Causes of Divorce



It is said that happy families are the same, while miserable families have respective causes. Not all marriages fail for the same reason. Nor is there usually one reason for the breakdown of a particular marriage. Nevertheless, in general the following causes of divorce are mentioned more often than others. They are: poor communication, financial problems, a lack of commitment to the marriage, differences in culture, sexual or emotional abuse and a lack of responsibilities.

It is amazing that the above mentioned causes of divorce are slightly similar with those listed in the Bible. The Bible says, “God hates divorce” (Mal.2:16).

According to the Bible, the first cause is money. The Bible says that the love of money is the root of all kinds of evil. (I Timothy 6:10). The uncontrolled desire for money will lead to a temptation, a snare and into many and foolish and hurtful lusts, which drown men in destruction and perdition, and pierce themselves through with many sorrows. Money is the number one cause of broken homes.

Second is alcohol. There is a popular sign that reads: Alcohol Destroys Internally, Externally, and Eternally.

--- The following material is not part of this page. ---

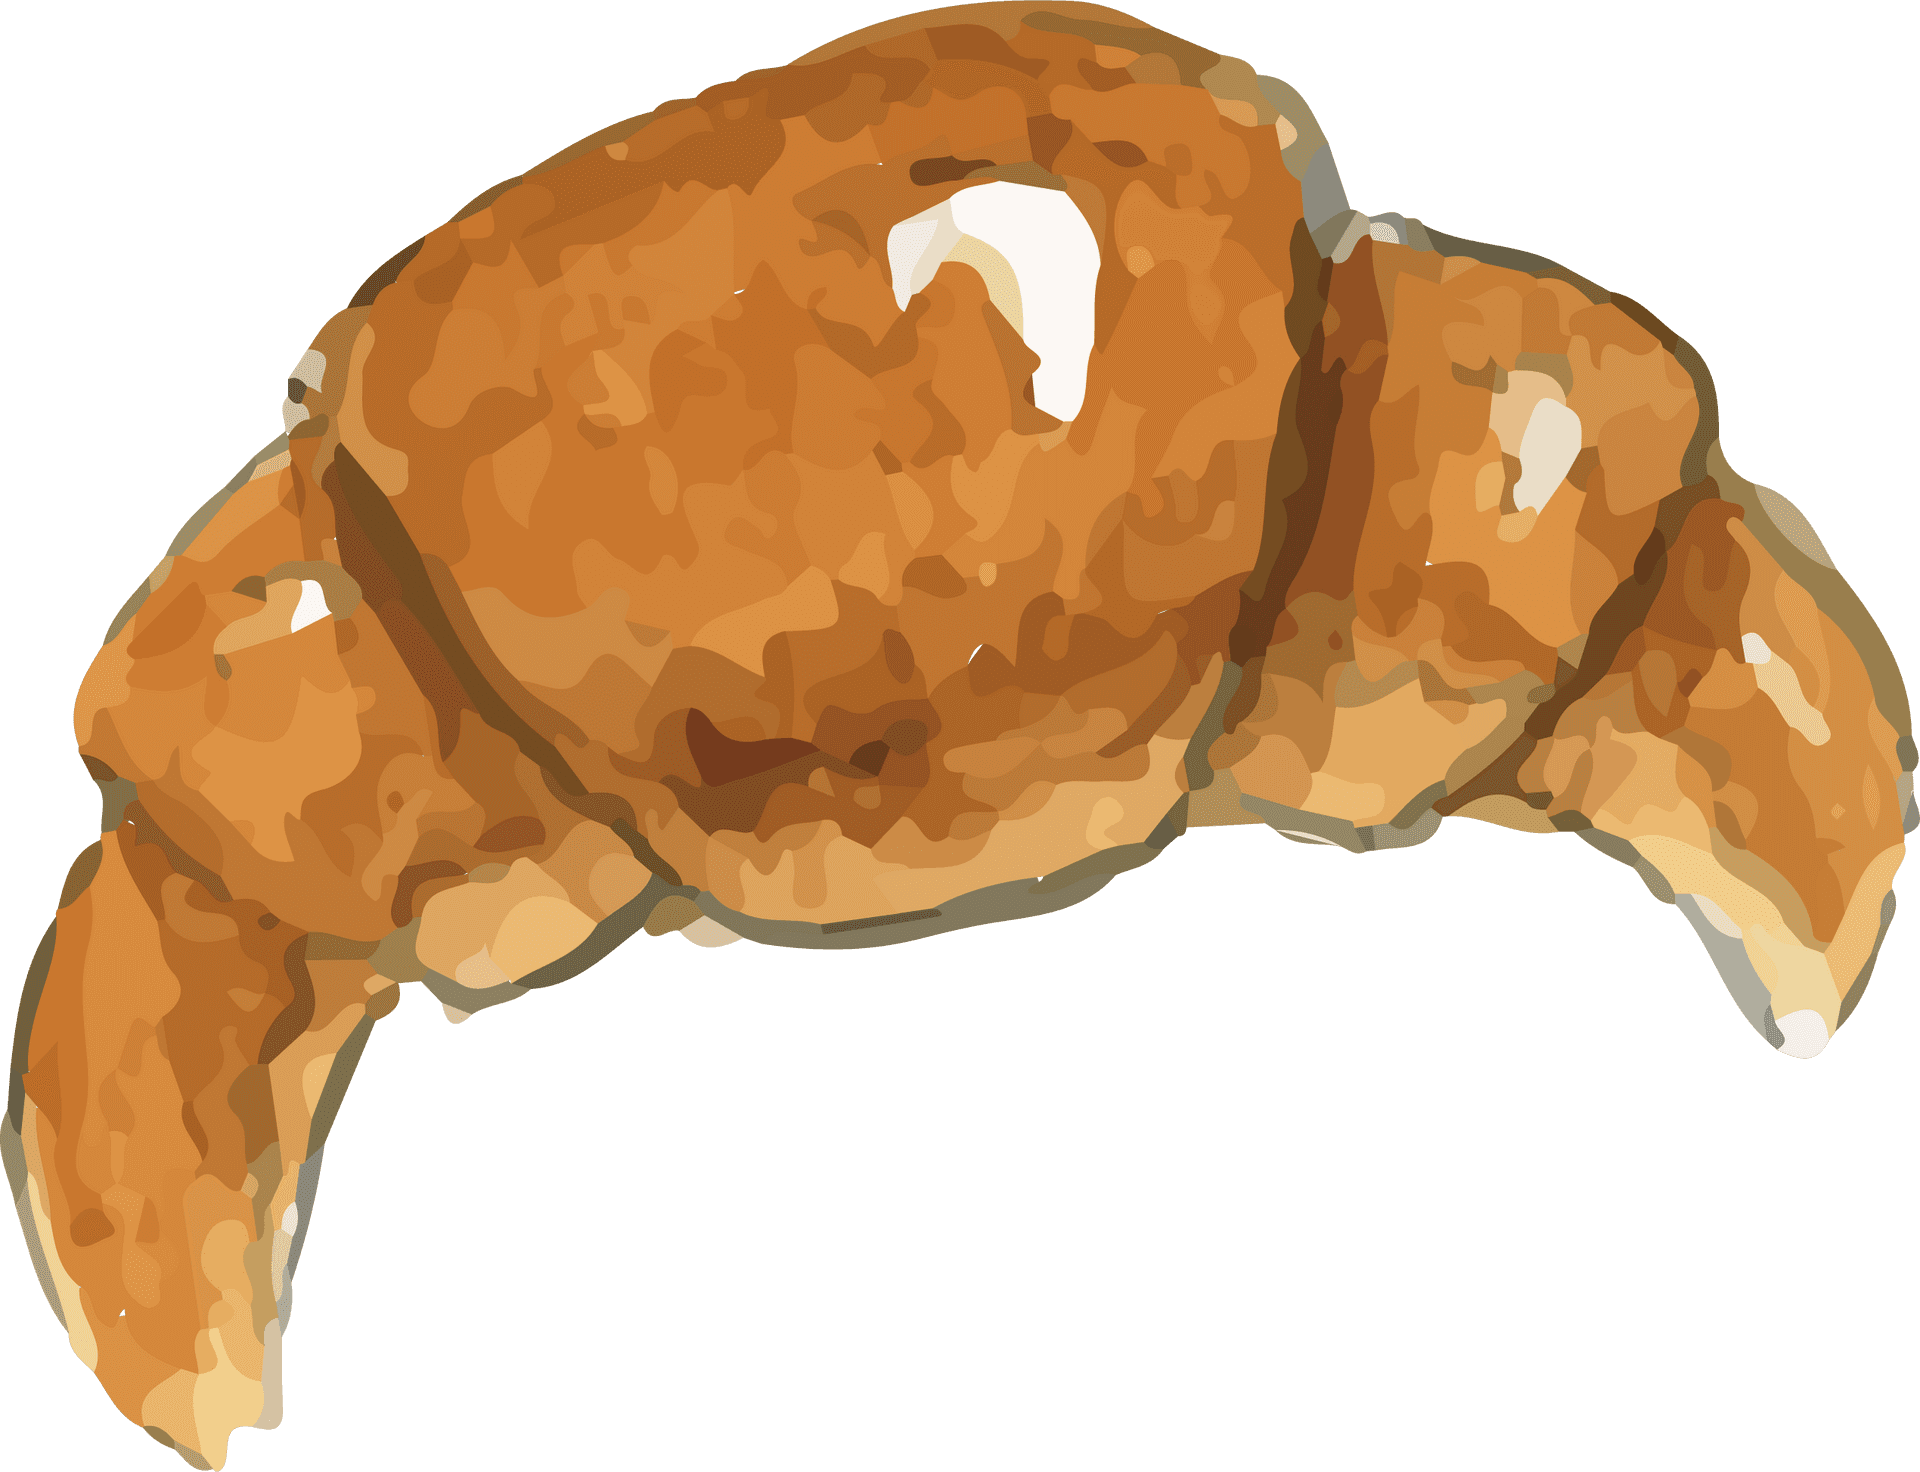 Golden Croissant Illustration PNG

The Third is sexual problems. The sex pendulum is swung from one extreme to the other. We talk as freely of sex as we talk of politics. Improper attitudes about sex, and not physical causes, bring couples to the breaking point. Both those who regard sex as being acceptable outside of marriage, as well as those who think of sex as dirty and wrong within marriage, are equally guilty of maintaining attitudes which are destined to cause serious trouble to any family relationship.

The Fourth is immaturity. Married life is for adults, not for children. Immaturity is the fourth leading cause of broken homes. There is an age when we are not sure about anything. A toy may be ever so much fun one day, and discarded the next. Much of this same uncertainty goes with the person through adolescence with regard to marriage.

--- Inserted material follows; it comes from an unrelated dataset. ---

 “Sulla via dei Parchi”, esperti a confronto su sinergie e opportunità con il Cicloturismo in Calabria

The Fifth is jealousy. One who demands exclusive devotion, and is intolerant of rivalry usually feels inadequate. If one finds himself caught in the clutches of this weakness, he needs to concentrate on self-improvement. Next is related to in-laws. “Therefore, shall a man leave his father and his mother and shall cleave unto his wife. And they shall be one flesh.” It is from God’s words in Genesis Chapter 2, verse 24. Every couple should establish their own home away from parents. Last is irresponsibility. When a young man is irresponsible and unwilling to work before marriage, the chances are extremely good that he’ll continue the same pattern of behavior after marriage. In the same way the young lady who has shown no sense of personal responsibility before marriage will likely also be unwilling to do her part in containing the home after marriage.

Identifying the major causes of divorce will prevent us from making mistakes. In fact, when people ask about causes of divorce, they’re not necessarily asking about what causes divorce. Often, what they really want to know is how to improve their relationship and avoid causes of divorce in their marriage. Do not make a fuss on the reasons of bad relationship, instead, try to deepen and strengthen a marriage with your efforts and behavior.


Category : Divorce

6 Comments → “Causes of Divorce”


  1. Will

    11 months ago

    These comments are two years old, is anyone out there?


  2. alexis

    11 months ago

    i think that love is a waste of time.


  3. Apothecary

    8 months ago

    It maybe nit picking. The relevance of priority order of marriage failures would have been better put forth not by a loose connection to a Bible reference but, by statistics and hard facts. There’s just a severe lacking of credibility and cohesion within this article.
    As illustrated by, “Nevertheless, in general the following causes of divorce are mentioned more often than others. They are: poor communication, financial problems, a lack of commitment to the marriage, differences in culture, sexual or emotional abuse and a lack of responsibilities”
    Fallowed only by the elaboration of “financial” problems and commitment to the marriage. It then lists 3 seperate points that, “Second is alcohol. There is a popular sign that reads: Alcohol Destroys Internally, Externally, and Eternally.”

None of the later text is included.